Выбрать главу

Подавленный, бродил я бесцельно среди бойцов своих рот; сердце мое сжималось от боли. Люди измучены были до предела и физически, и душевно. Они сидели в одиночку или группами под деревьями, бессильно привалившись спинами к стволам и уставившись глазами в землю, в каком-то покорном, тупом ожидании. Время от времени кто-нибудь из бойцов поднимался и шел от группы к группе, держа в кулаке зажженную сигарету или пачку отсыревшей махорки, которую никак не мог раскурить. Более ослабевшие, чтобы защититься от снега и ветра, укладывались под натянутые на штыки плащ-палатки. Тут они постепенно отходили и обсыхали, согревая друг друга теплом своих тел и дыхания.

Заглянув под край такой плащ-палатки, можно было при слабом свете сигарет увидеть, как курился легкий пар от их промокшей одежды.

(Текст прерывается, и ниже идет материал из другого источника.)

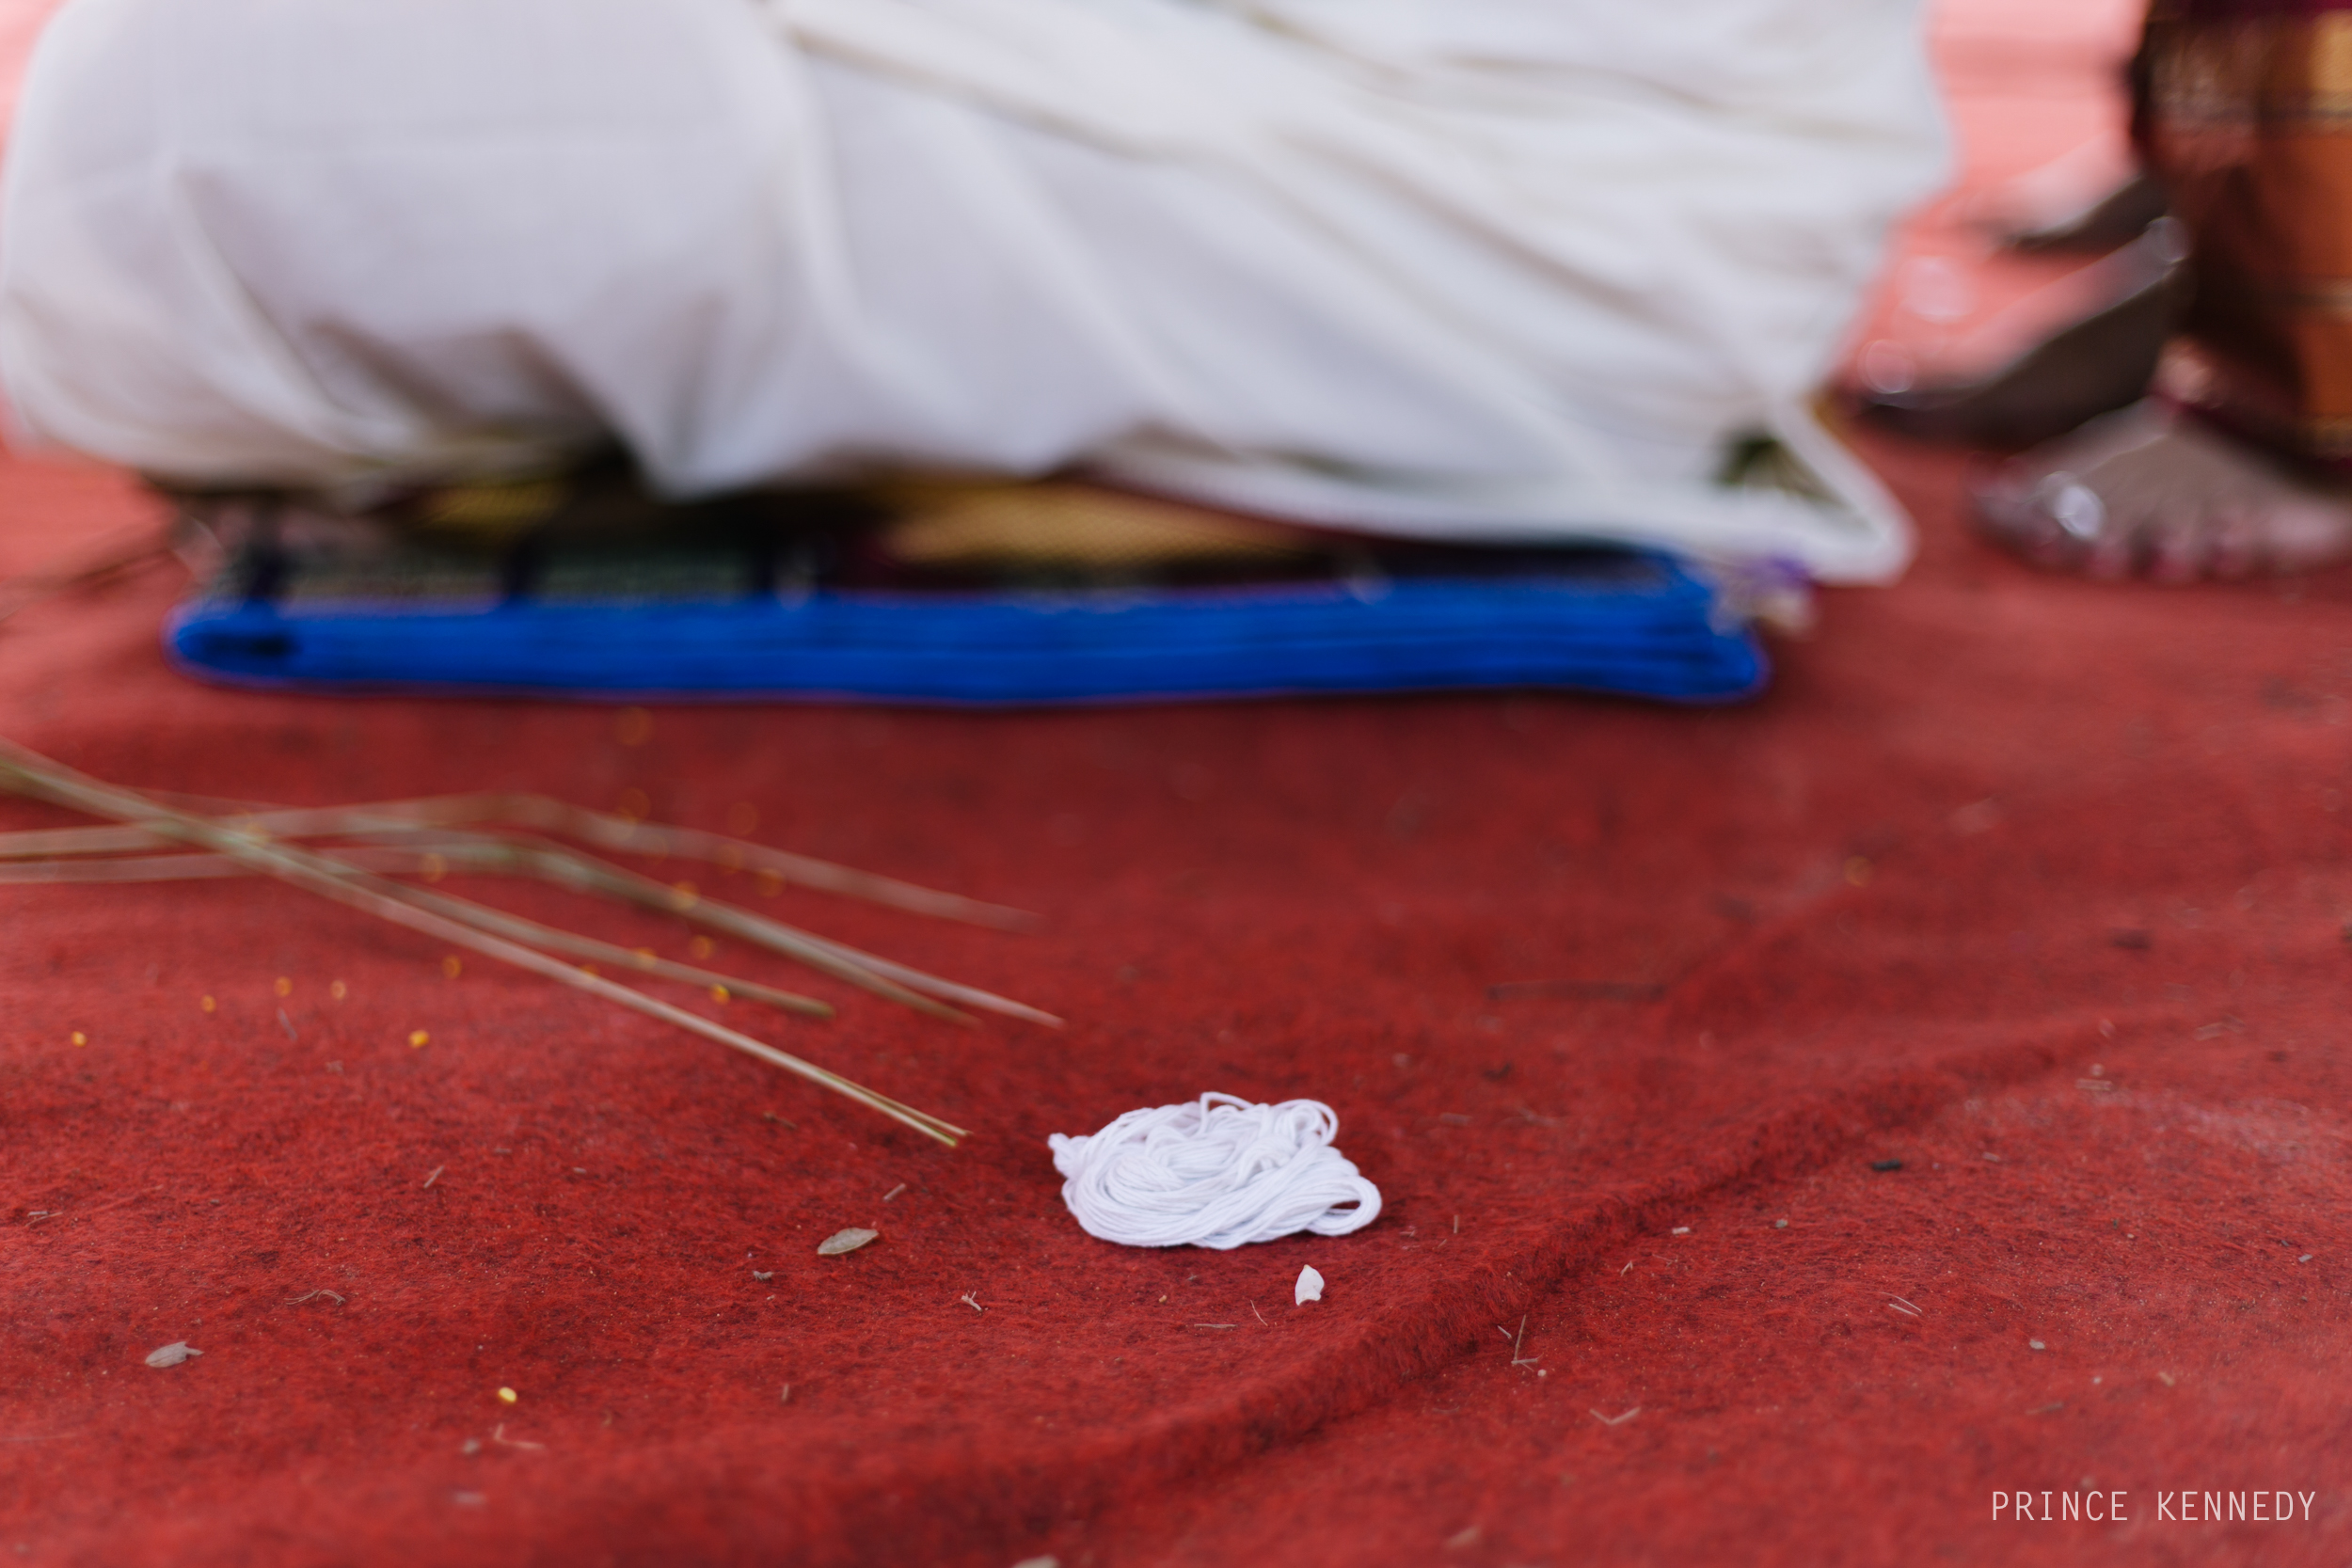 Athmajja-Nithesh-Engagement-Couple-Portrait-Portraiture-Wedding-Couple-Portrait-Chennai-Photographer-Candid-Photography-Destination-Best-Prince-Kennedy-Photography-17.jpg

Я молчал. Я знал: должно было пройти время, чтобы люди уверовали в свое спасение, в то, что им действительно удалось выйти живыми из этого ада. Мне страстно хотелось подбодрить своих бойцов, сказать им слово утешения, ласки, но я никак не мог найти подходящих слов, таких, которые отвечали бы их душевному состоянию. Они же словно боялись разговоров и, удрученные, искали успокоения в тишине и уединении леса.

Охваченный глубокой печалью, направился я к небольшой ложбинке, куда сносили наших раненых для отправки в полевой госпиталь. Прошлой ночью, до начала штурма, у меня произошел горячий спор с лейтенантом Манолаке. А сегодня под вечер я увидел, как он упал раненый перед своей ротой. Это был хороший офицер, и меня мучила совесть, что мы с ним расстаемся в ссоре. Я нашел его лежащим на носилках в ожидании санитаров. Опустившись возле него на колени, я положил руку на его лихорадочно горевший лоб. Он открыл глаза и, узнав меня, попытался поднять руку, чтобы дотронуться до моей. По-видимому, он был рад моему приходу. Однако и сейчас сразу же заговорил о наших вчерашних разногласиях.

— Ты должен признать, — произнес он тихим, прерывающимся голосом, — что я был прав… Ты же кадровый офицер и знаешь, что так не идут в атаку на укрепленные позиции…

— Я уж тебе говорил, — старался я успокоить его. — У нас очень тяжелое положение. Наша армия истощена многолетней бесплодной войной, которую мы вели там, на востоке…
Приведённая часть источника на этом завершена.